Installation of Meters
10. Meters of either the indoor or outdoor type shall be installed by the
Company at locations to be designated by the Company. The Company may at
any time change any meter installed by it. The Company may also change the
location of any meter or change from an indoor type to an outdoor type,
provided that the cost of the change shall be borne by the Company except
when such change is pursuant to the provisions of Paragraph 11. Upon the
reading of the Company's meter all bills shall be computed. If more than
one meter is installed, unless it is installed at the Company's option, the
monthly charge for local distribution service delivered through each meter
shall be computed separately under the applicable rates.
Unauthorized and Unmetered Use
11. Whenever the Company determines that an unauthorized and unmetered use
of electricity is being made on the premises of a Customer and is causing a
loss of revenue to the Company, the Company may, at the Customer's expense,
make such changes in the location of its meters, appliance and equipment on
said premises as will, in the opinion of the Company, prevent such
unauthorized and unmetered use from being made.
Definition of Month
12. Whenever reference is made to "month" in connection with electricity
delivered or payments to be made, it shall mean the period between two
successive regular monthly meter readings or estimated meter readings, the
second of which occurs in the month to which reference is made. If the
Company is unable to read the meter when scheduled, the necessary billing
determinants may be estimated. Bills may be rendered on such estimated
basis and will be payable as so rendered.
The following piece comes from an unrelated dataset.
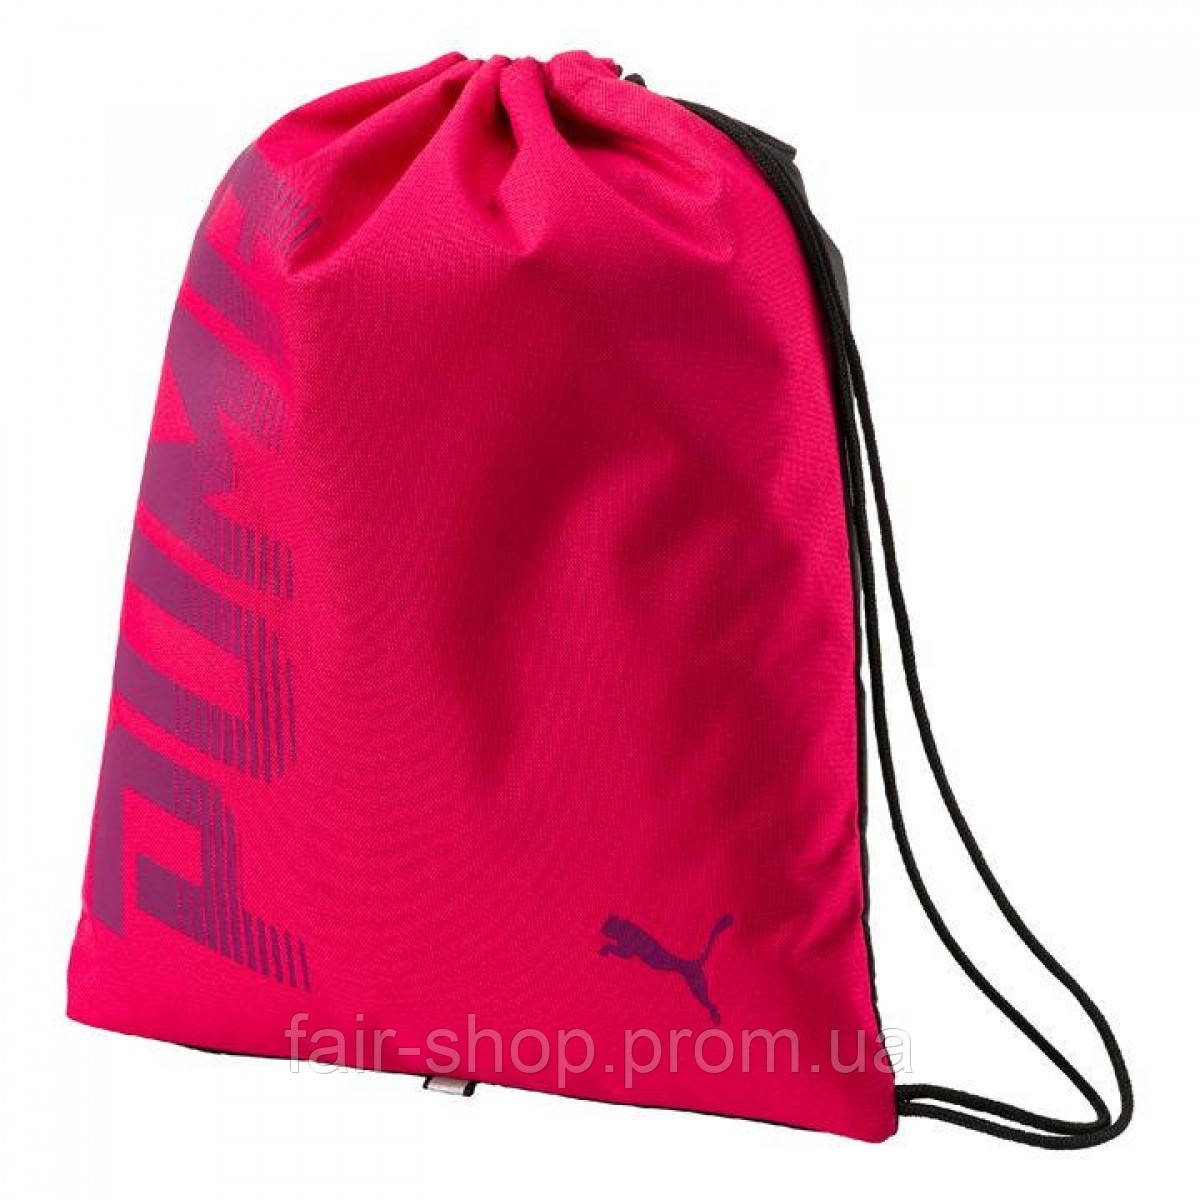 Рюкзак для спортивной формы Puma Pioneer Pink, оригінал. Доставка від 14 днів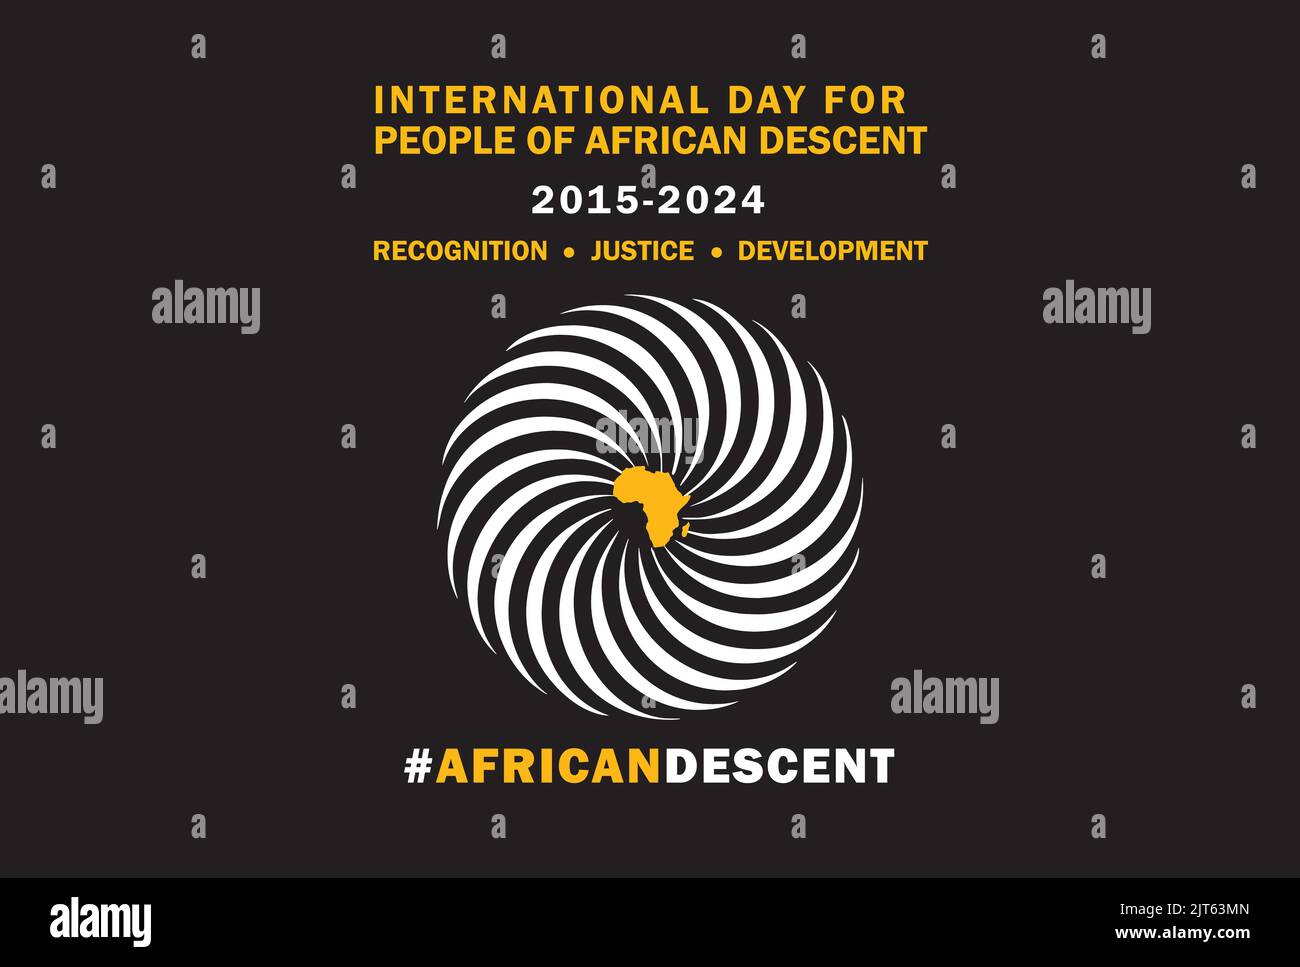 Journée internationale pour les personnes d'ascendance africaine - a désigné 31 août - le CNRC et le CDF pour observer la Journée internationale pour les personnes d'ascendance africaine Illustration de Vecteur

Should the Company be requested
to perform an off-cycle meter reading to facilitate a Customer request to
change their non-regulated power producer, the Company will reasonably
accommodate such a request, for which the Customer will be charged a fee
not to exceed $20.
Payment Due Date -- Interest Charge
13. All bills shall be due and payable upon receipt. Bills rendered to
customers, other than individually metered residential customers, on which
payment has not been received by the "Avoid Interest Date" as shown on the
bill, shall bear interest, at the rate of 1 1/4% per month on any unpaid
balance, including any outstanding interest charges, from the date of
receipt until the date of payment. The "Avoid Interest Date" corresponds to
the next normal bill preparation date.
Bills disputed in good faith by a Customer will not be subject to the late
payment charge until after the dispute is resolved.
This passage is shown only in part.